WHAT YOU ARE ASKED TO DO: Would you write out the listing verbatim and skip every picture in it?

DATA SEGMENT:
==*==

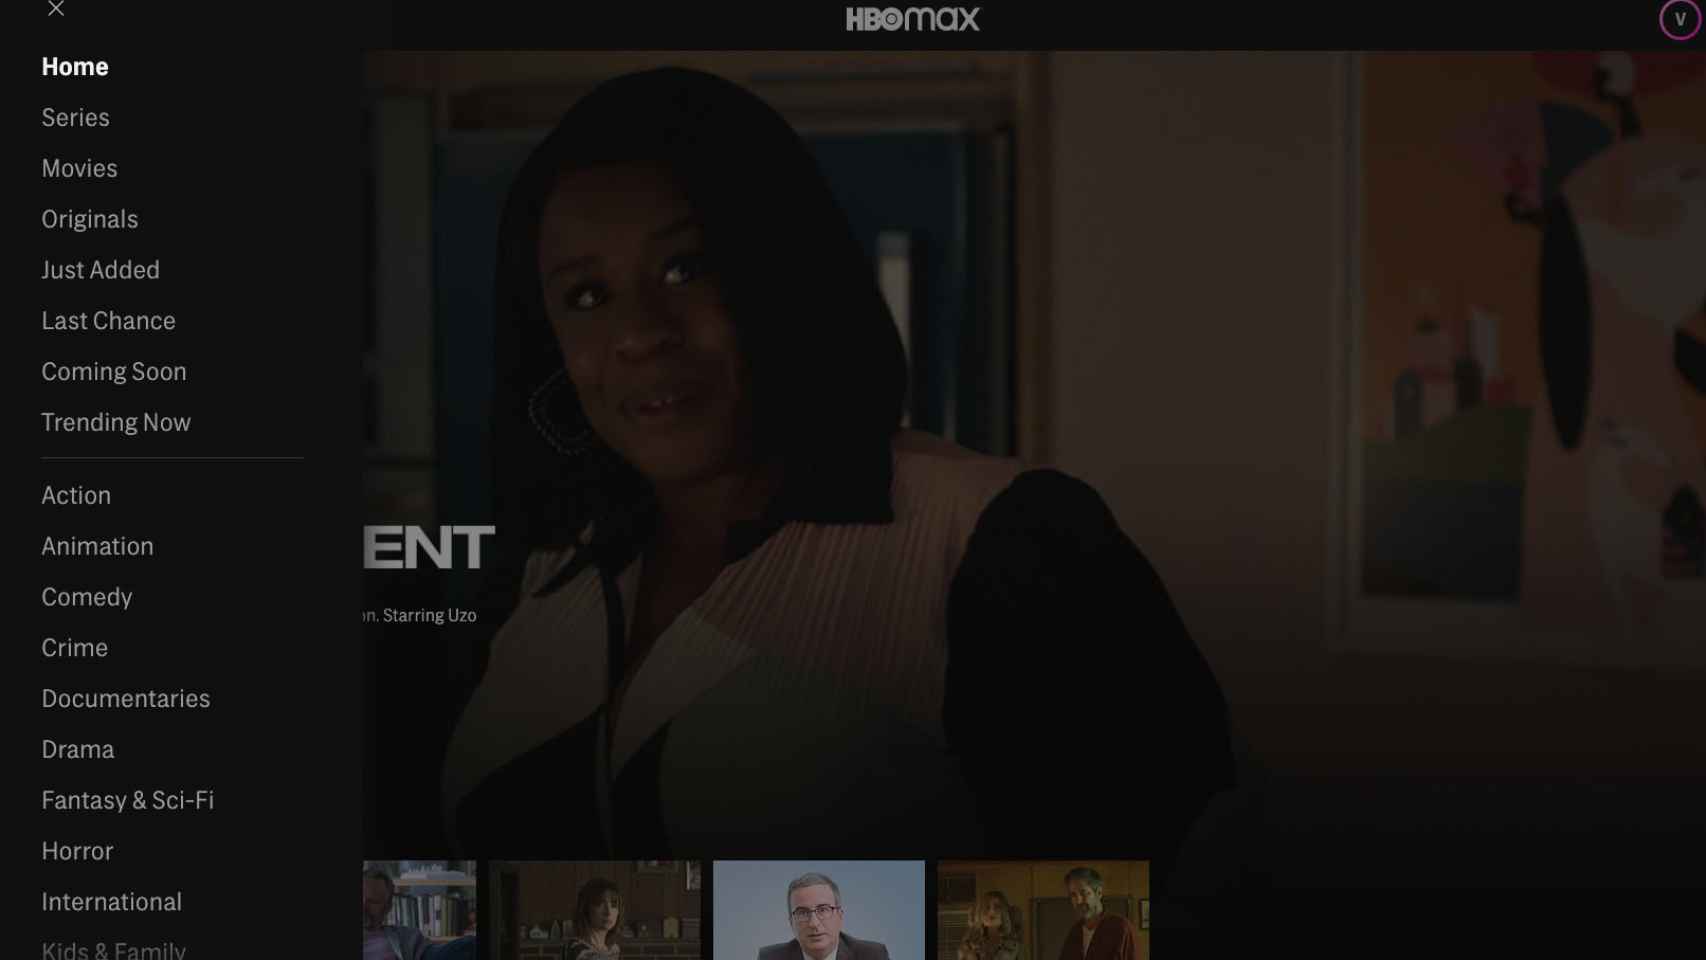 Captura de la aplicación HBO Max en iOs.
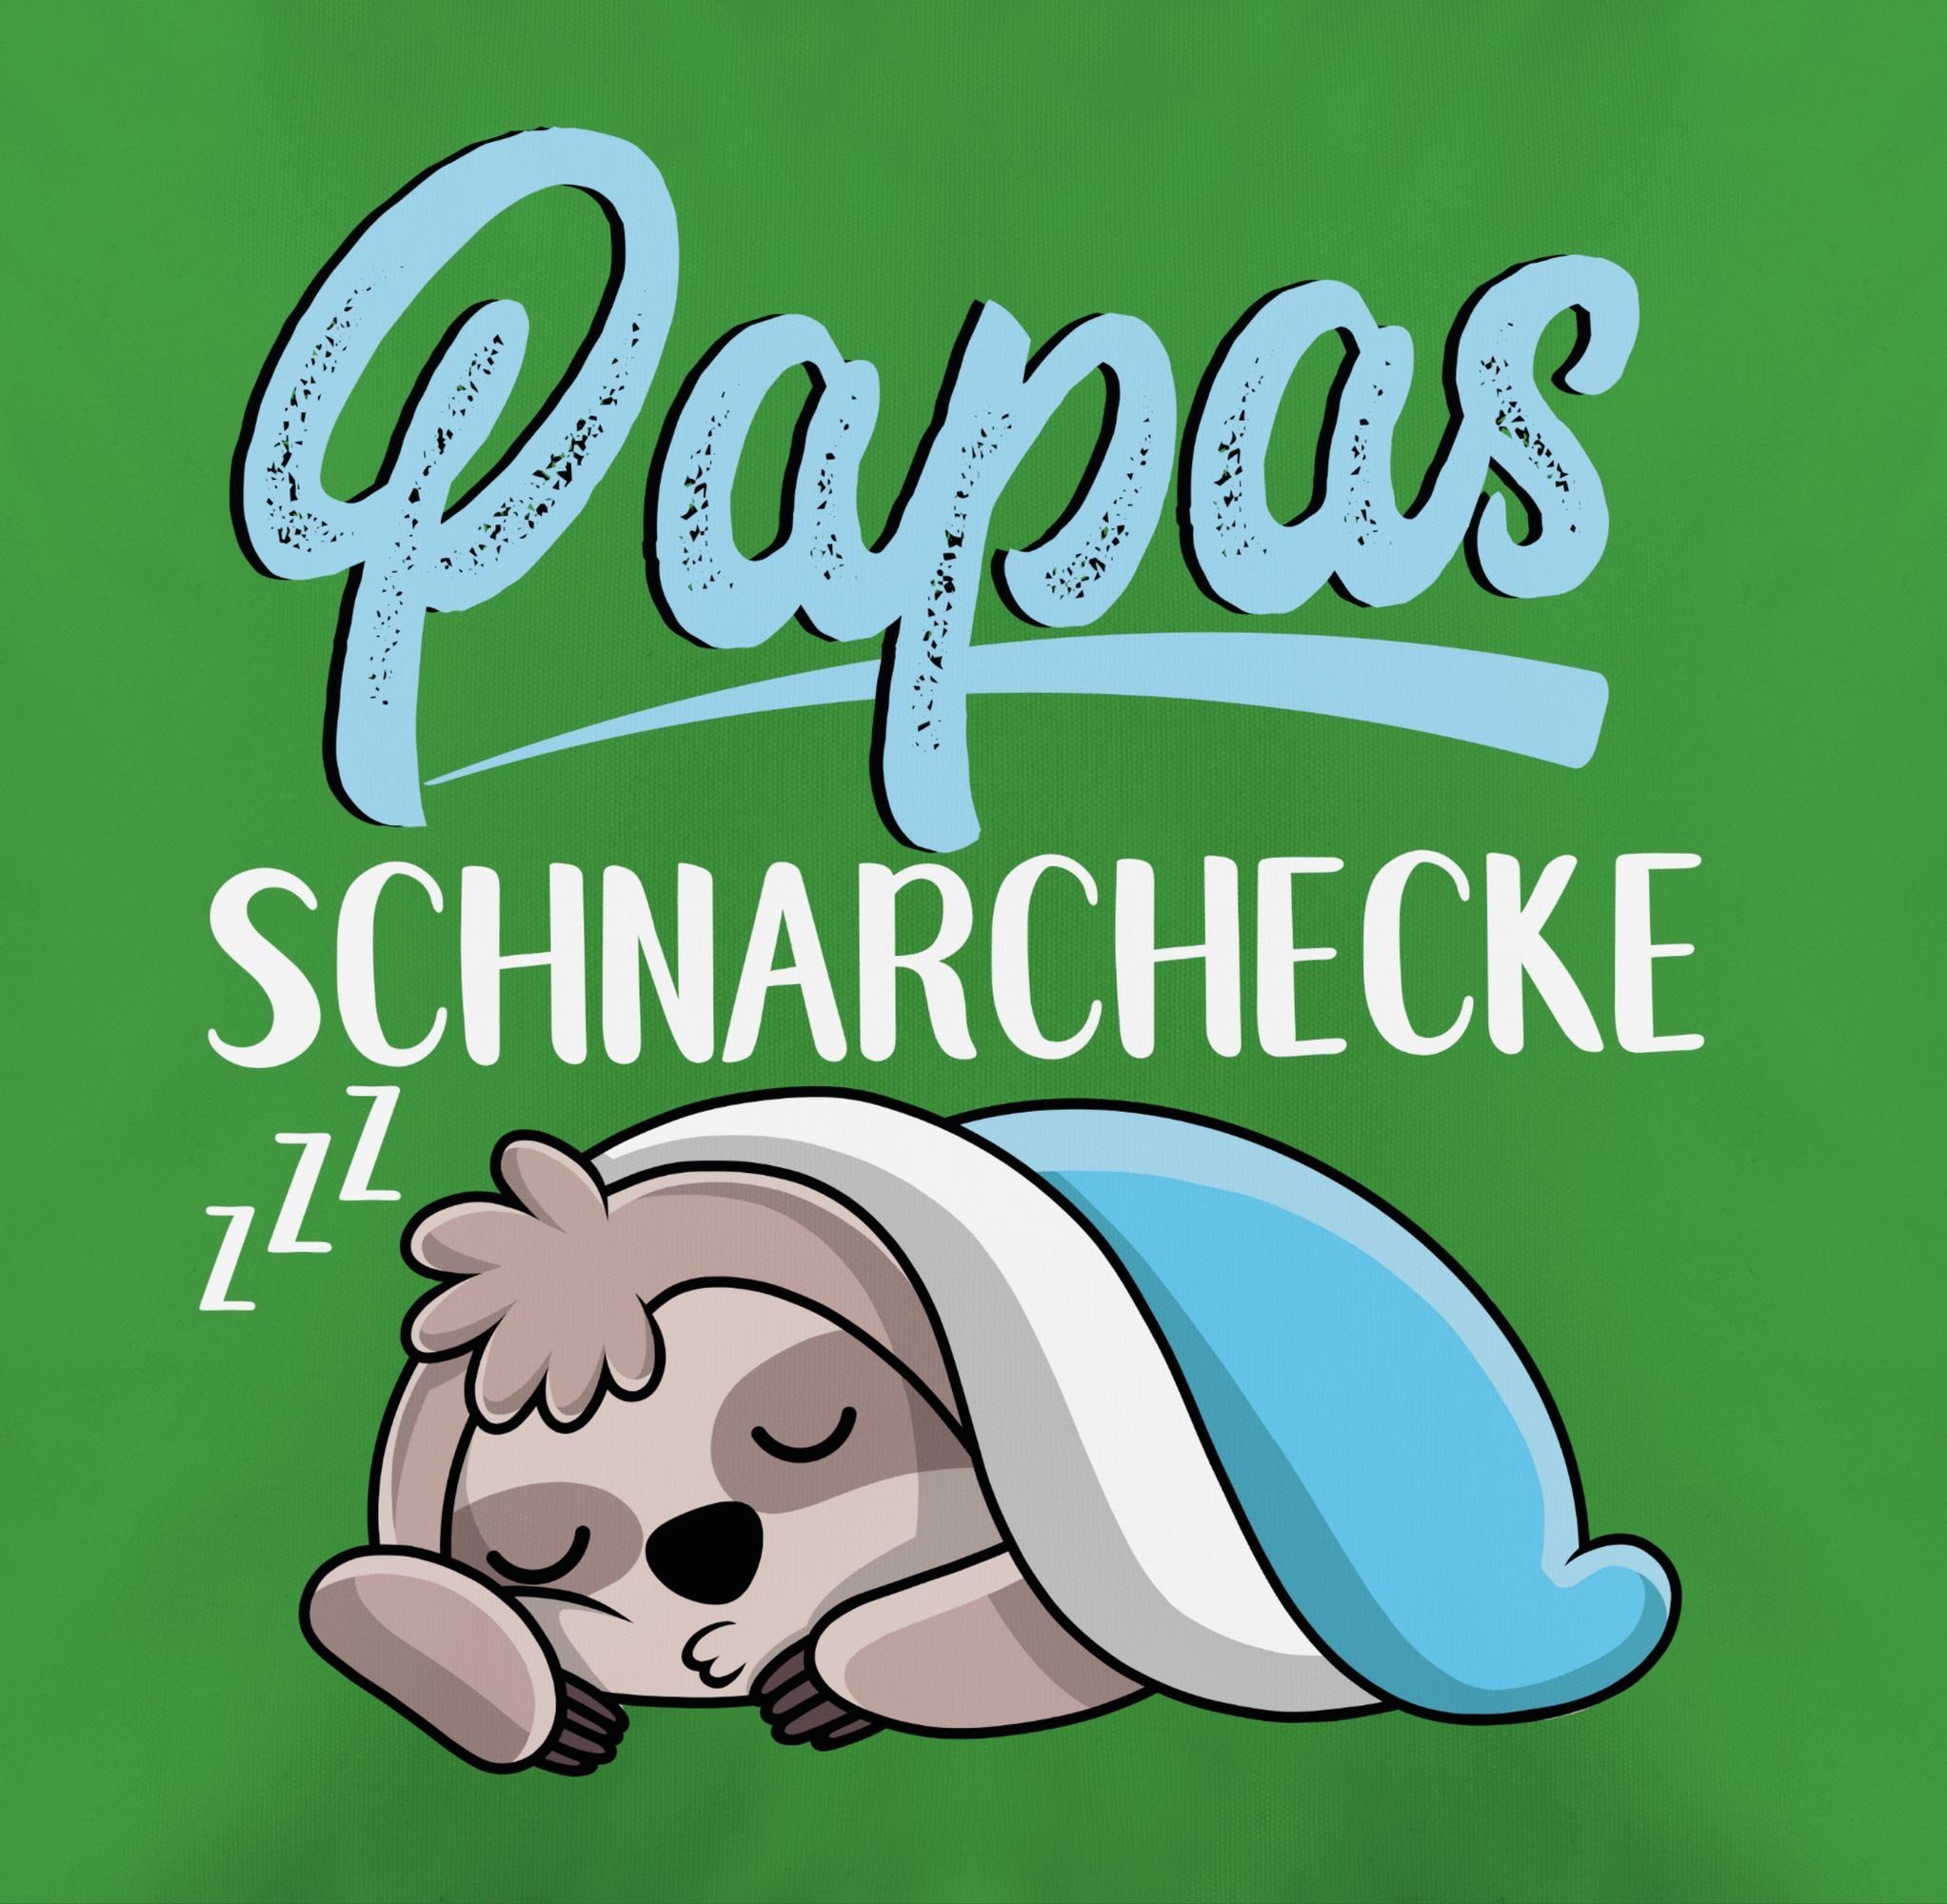 Kissenbezüge Papas Schnarchecke mit Faultier Stück), Vatertagsgeschenk (1 - weiß, Kissen Shirtracer
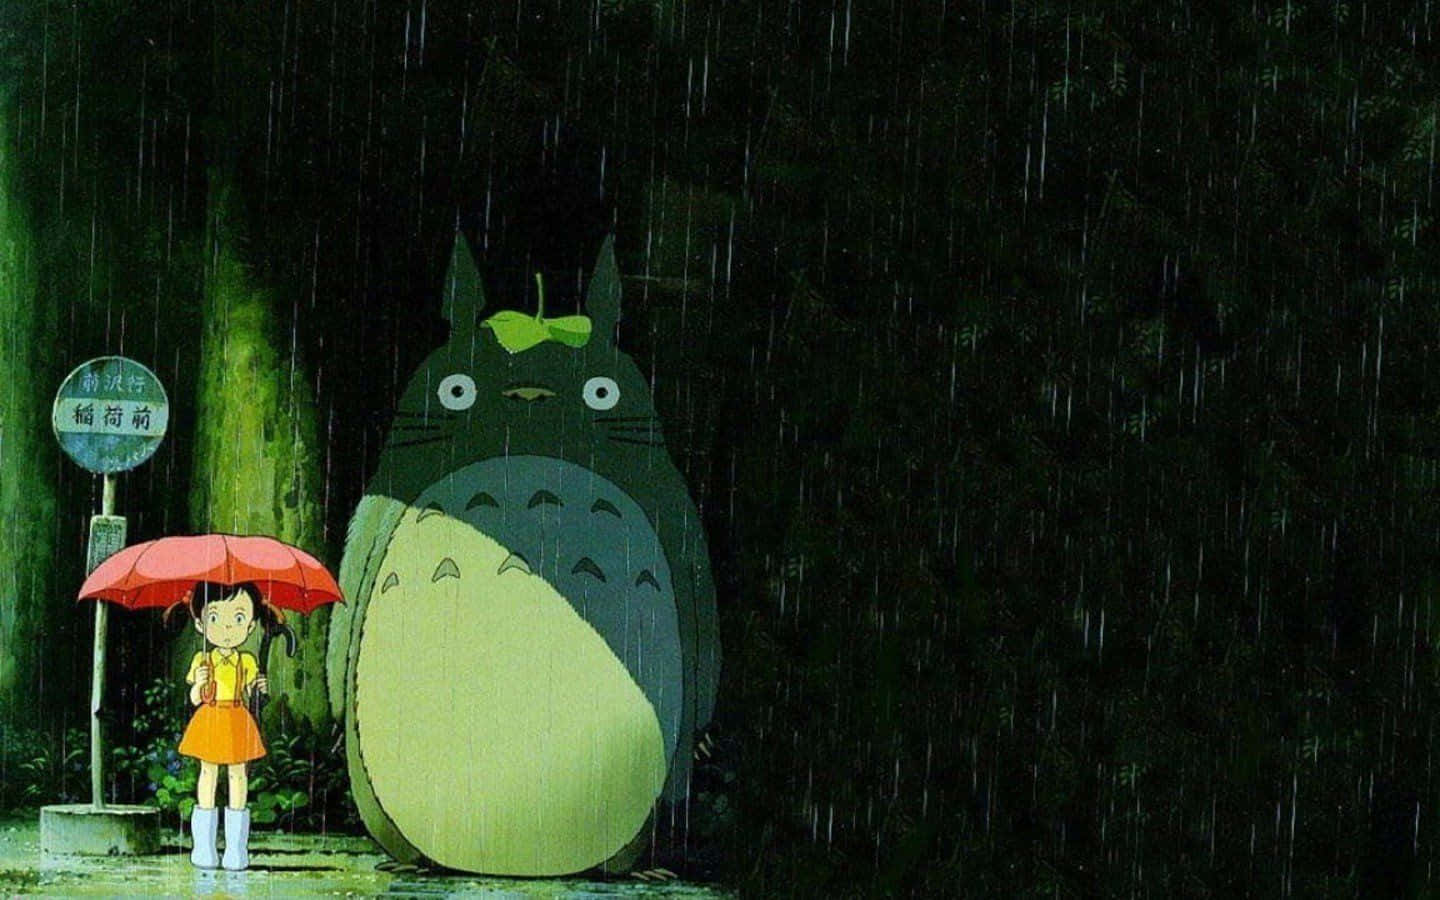 Einbezaubernder Totoro Umarmt Einen Spaziergang In Der Üppigen Natur.
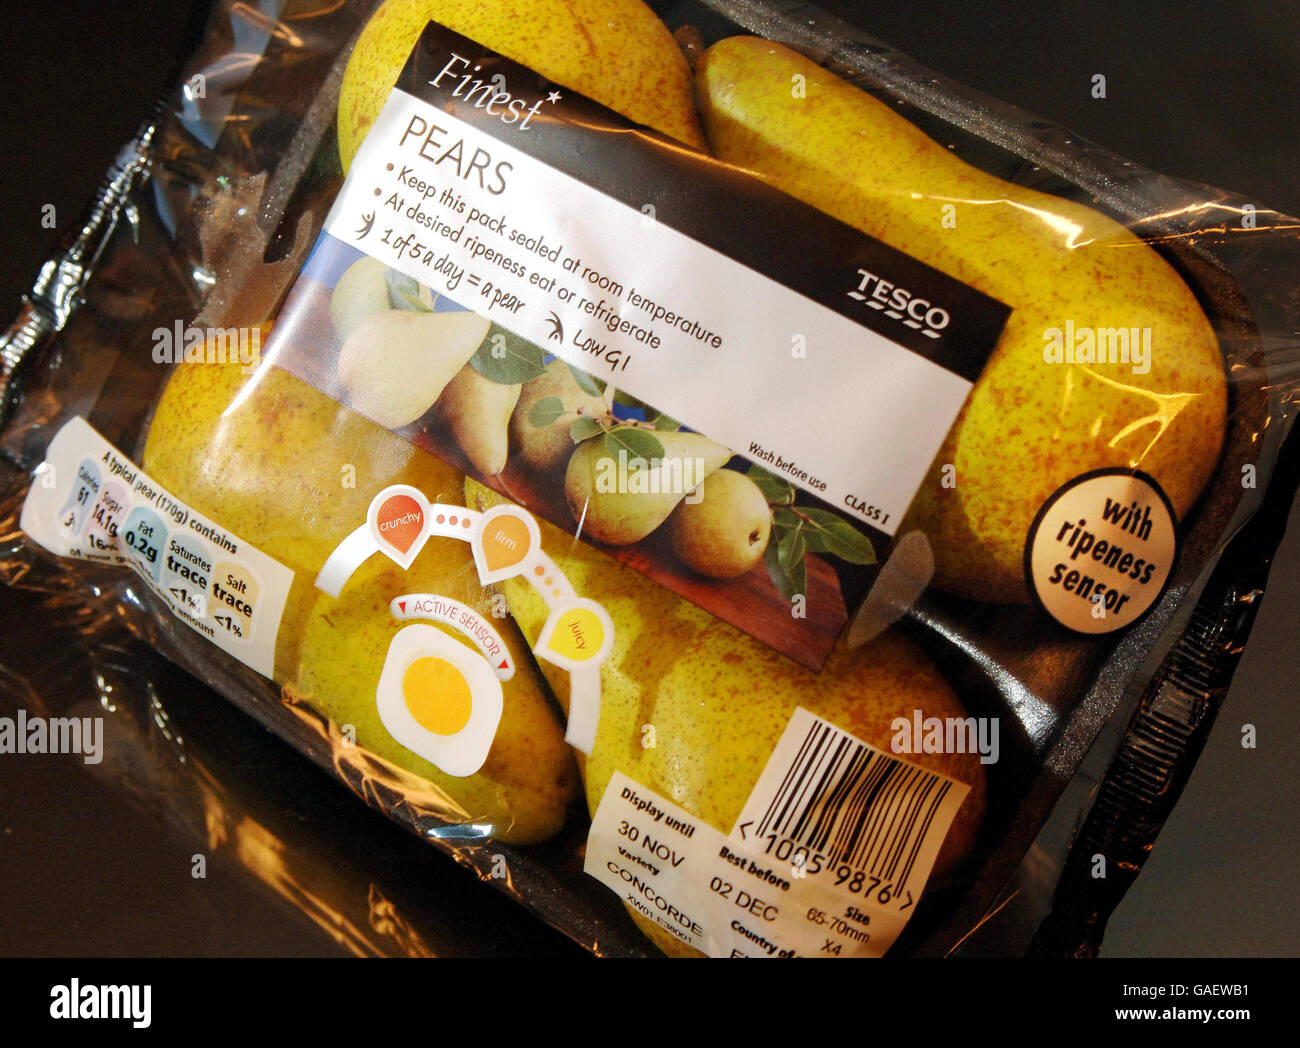 Le pere con un'etichetta del sensore che indica quando il frutto è maturo sono viste a Londra. Foto Stock

==*==

YOUR RESPONSE:
 Captura de la aplicación HBO Max en iOs.
 Kissenbezüge Papas Schnarchecke mit Faultier Stück), Vatertagsgeschenk (1 - weiß, Kissen Shirtracer
 Einbezaubernder Totoro Umarmt Einen Spaziergang In Der Üppigen Natur.
 Le pere con un'etichetta del sensore che indica quando il frutto è maturo sono viste a Londra. Foto Stock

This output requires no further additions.